Leave the pictures behind and reproduce every line of the listing exactly.

Dataset excerpt
------------------------------------------------------------------------
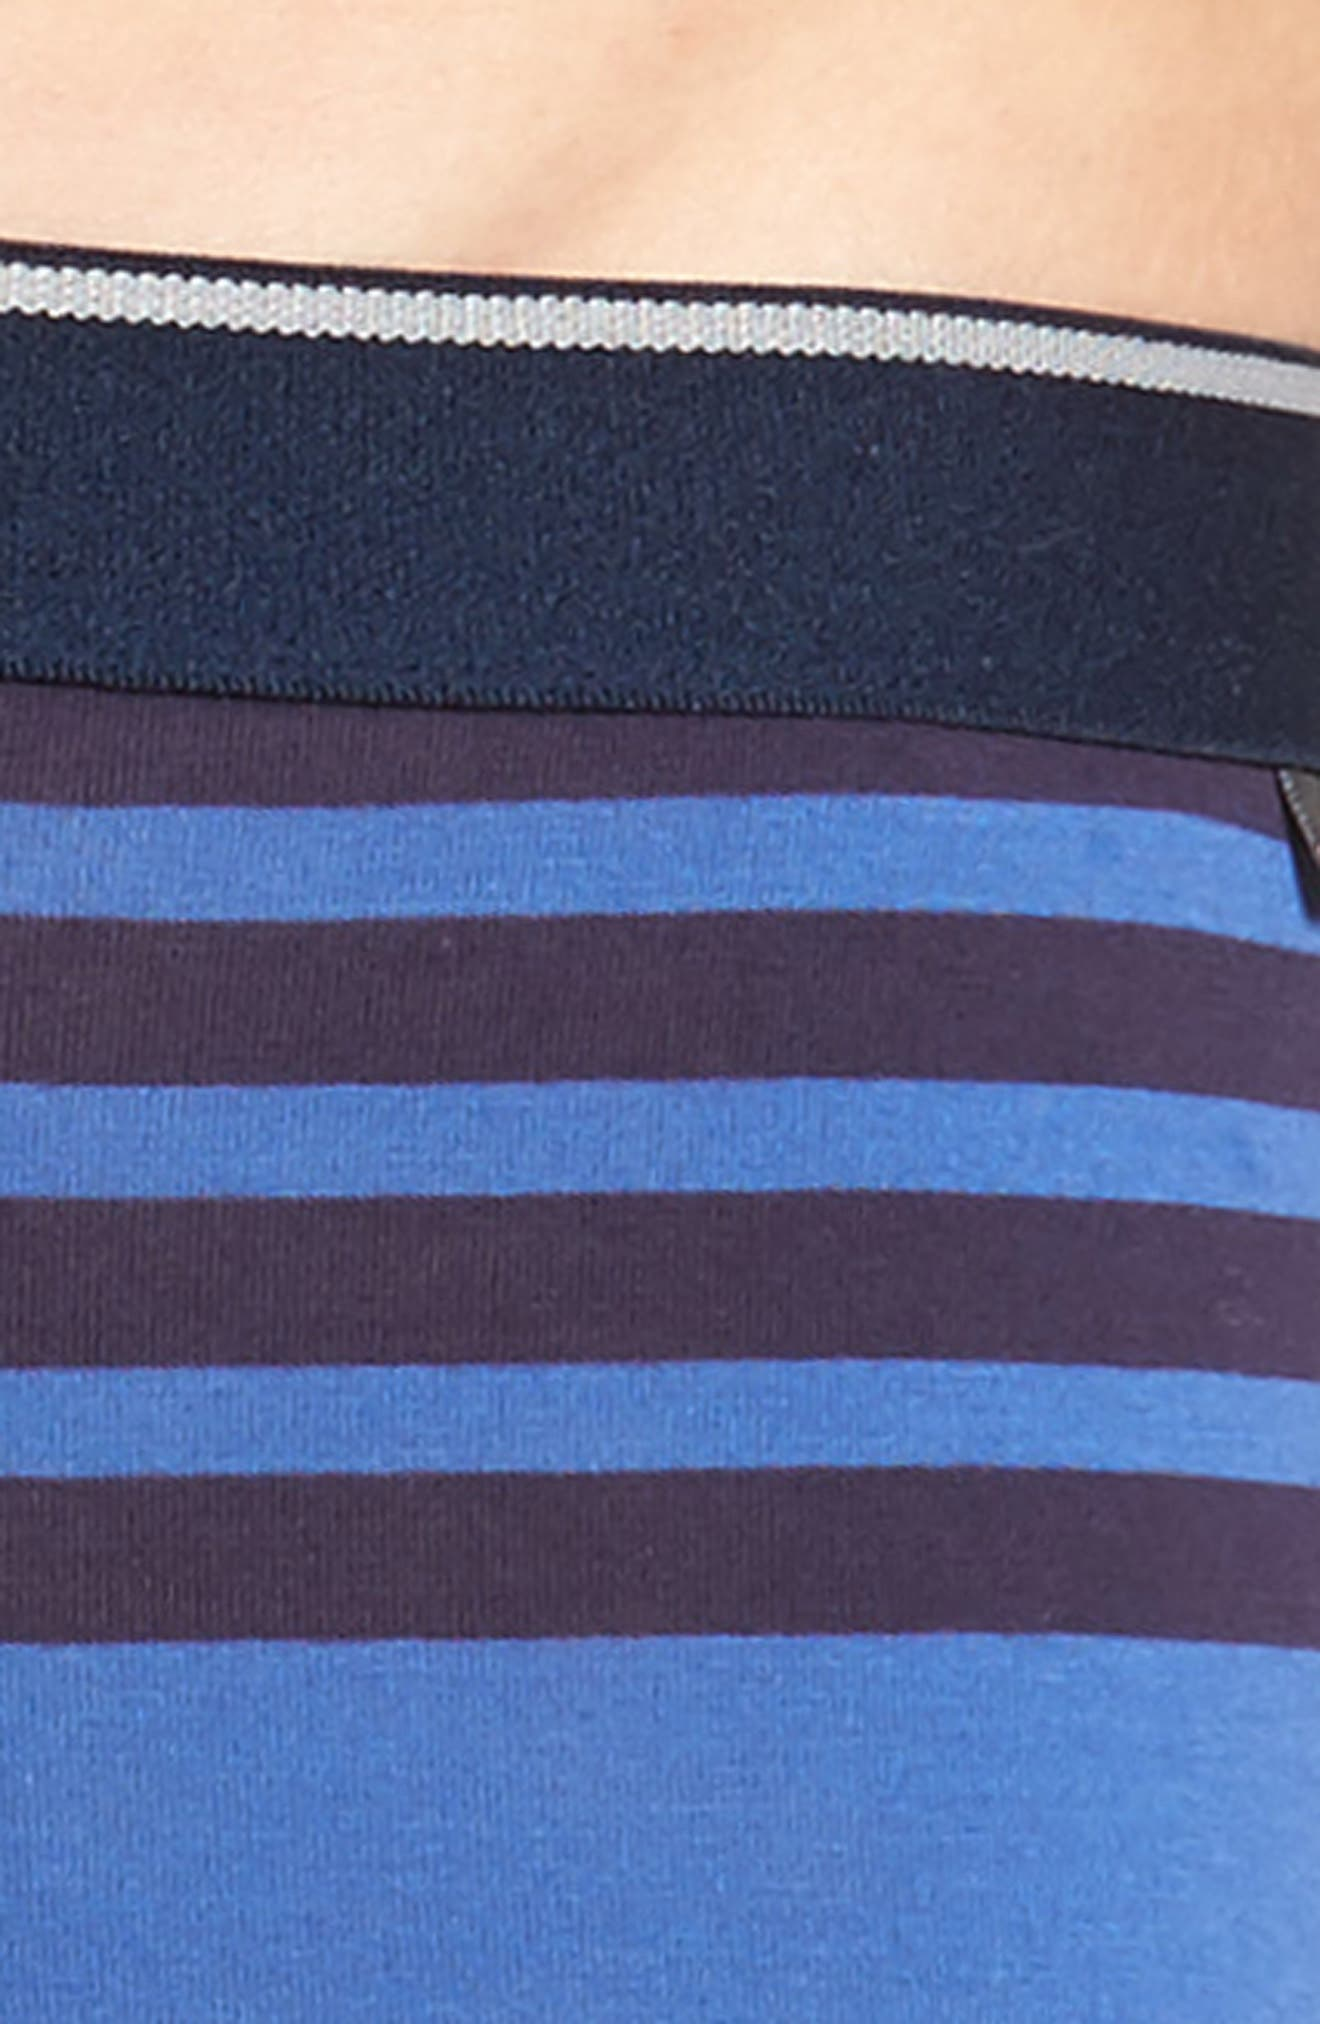 3-Pack Boxer Briefs,                             Alternate thumbnail 5, color,                             Navy/ Navy-Blue Stripe
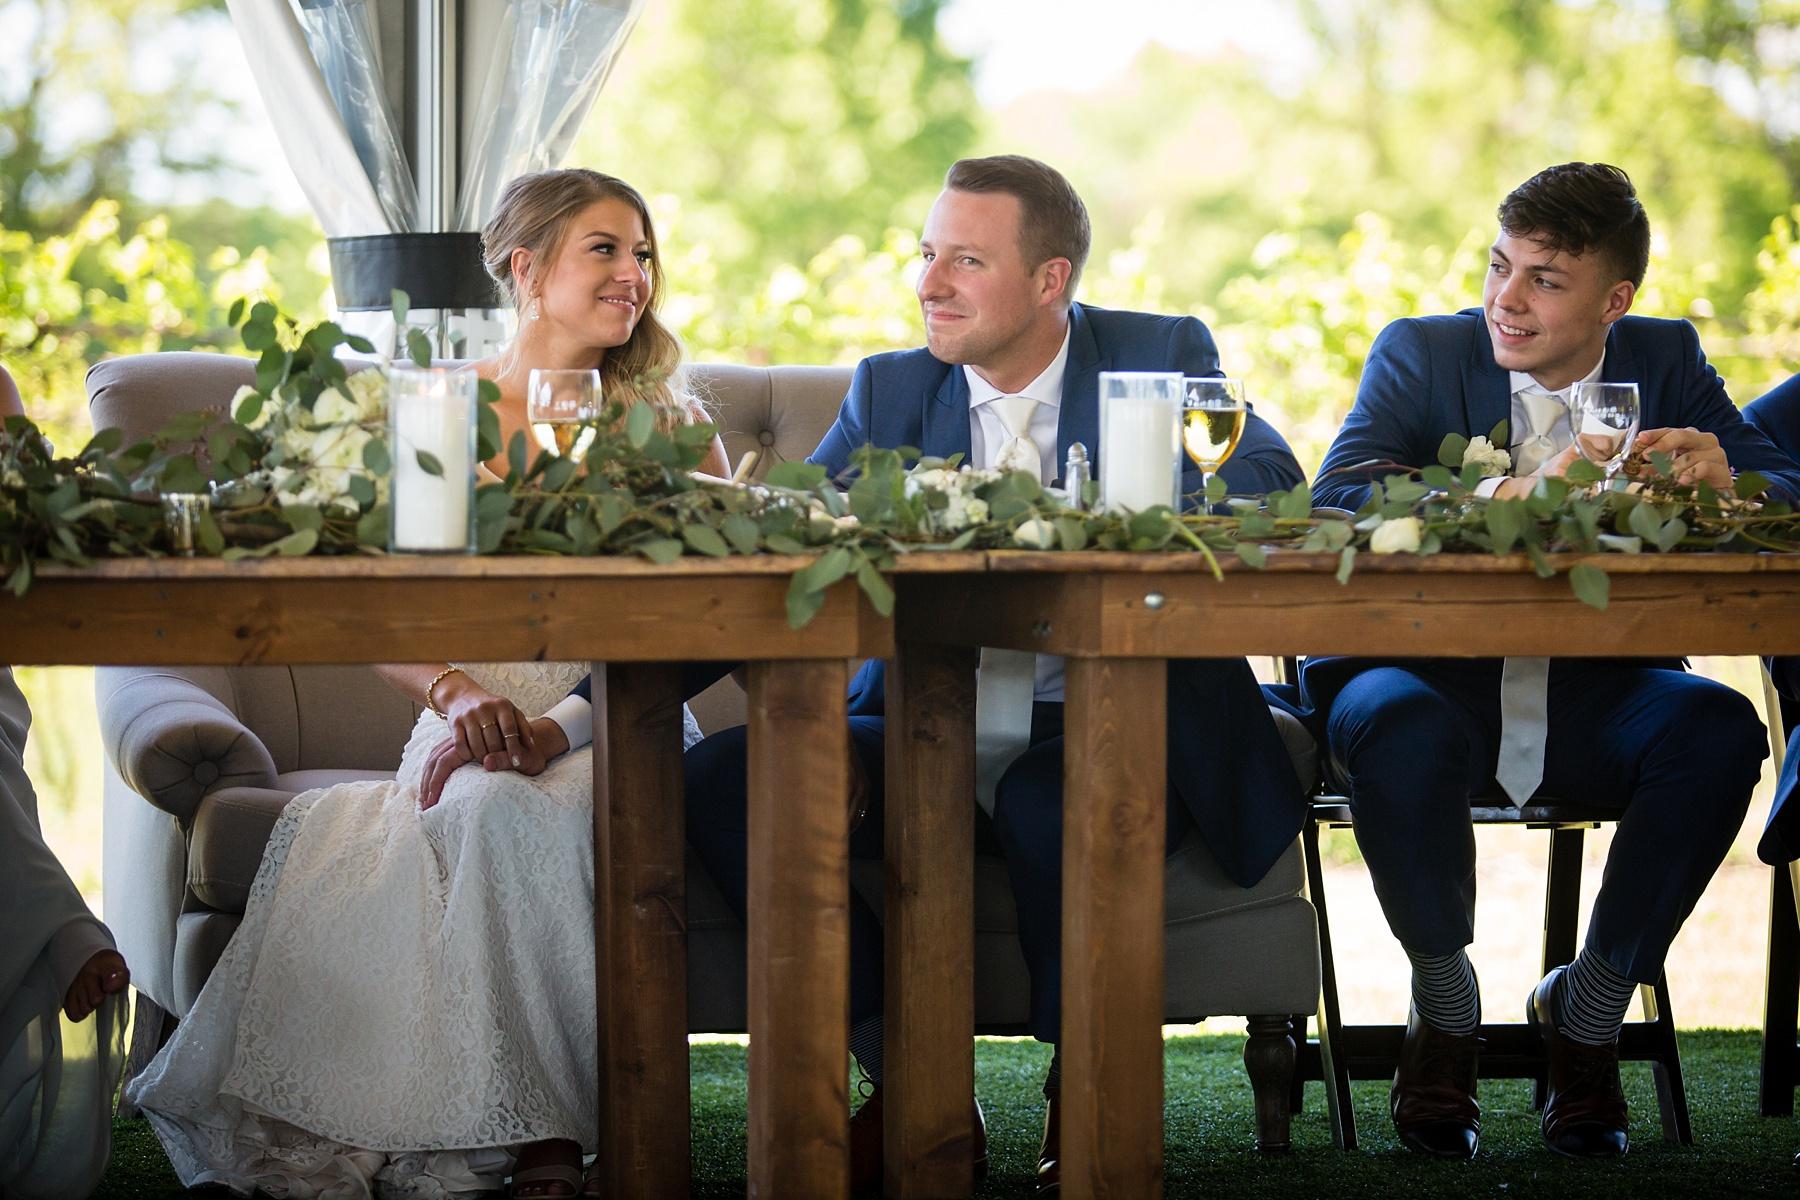 Brandon_Shafer_Photography_Kara_Doug_12_corners_Wedding_Benton_Harbor_0059.jpg
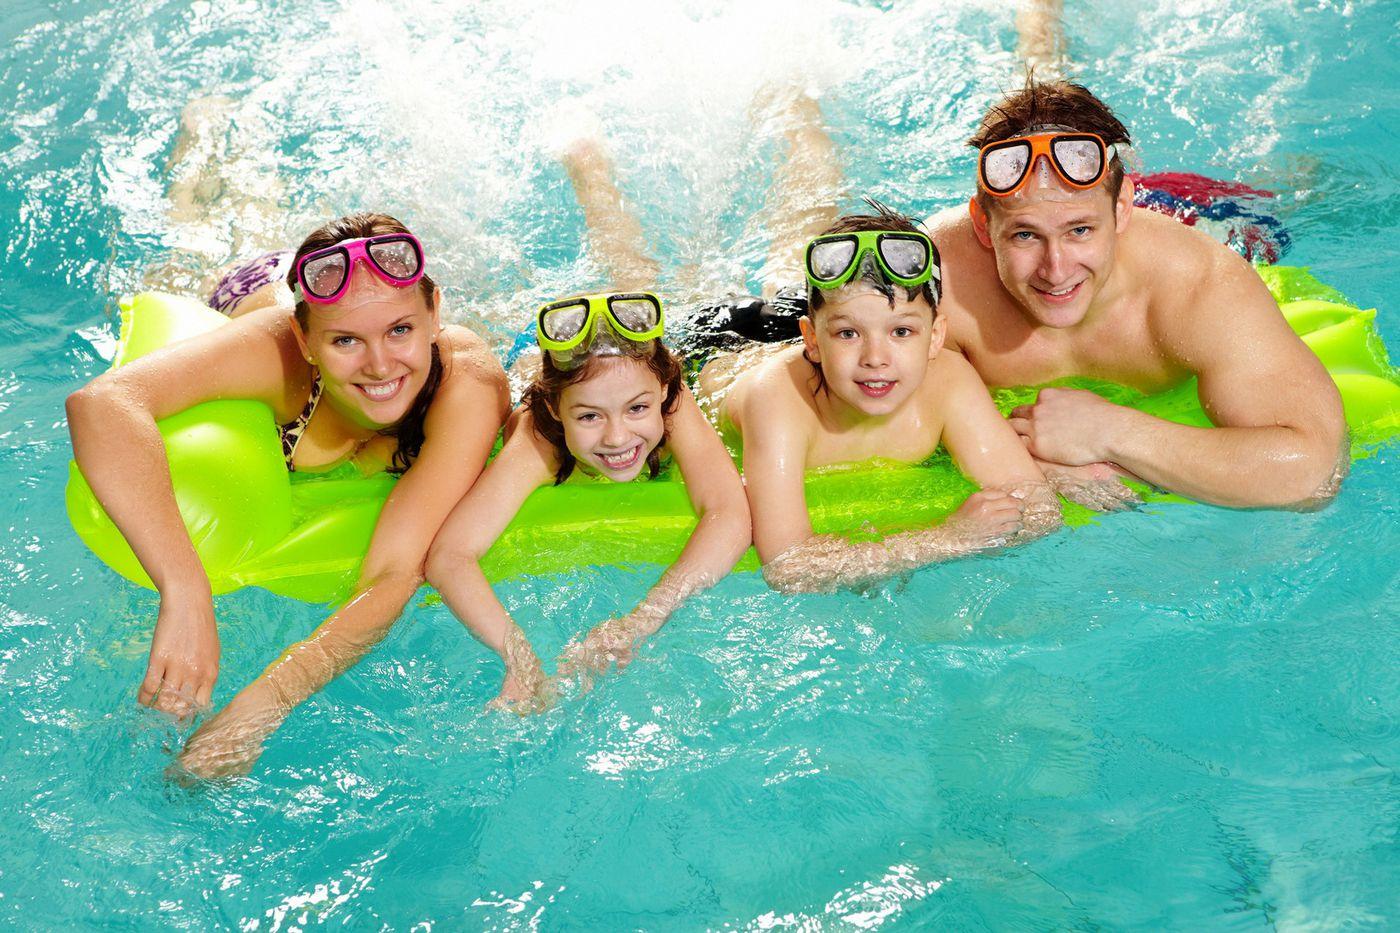 021314424-cheerful-family-swimming-pool-.jpeg
------------------------------------------------------------------------
Completed exercise
 3-Pack Boxer Briefs,                             Alternate thumbnail 5, color,                             Navy/ Navy-Blue Stripe
 Brandon_Shafer_Photography_Kara_Doug_12_corners_Wedding_Benton_Harbor_0059.jpg
 021314424-cheerful-family-swimming-pool-.jpeg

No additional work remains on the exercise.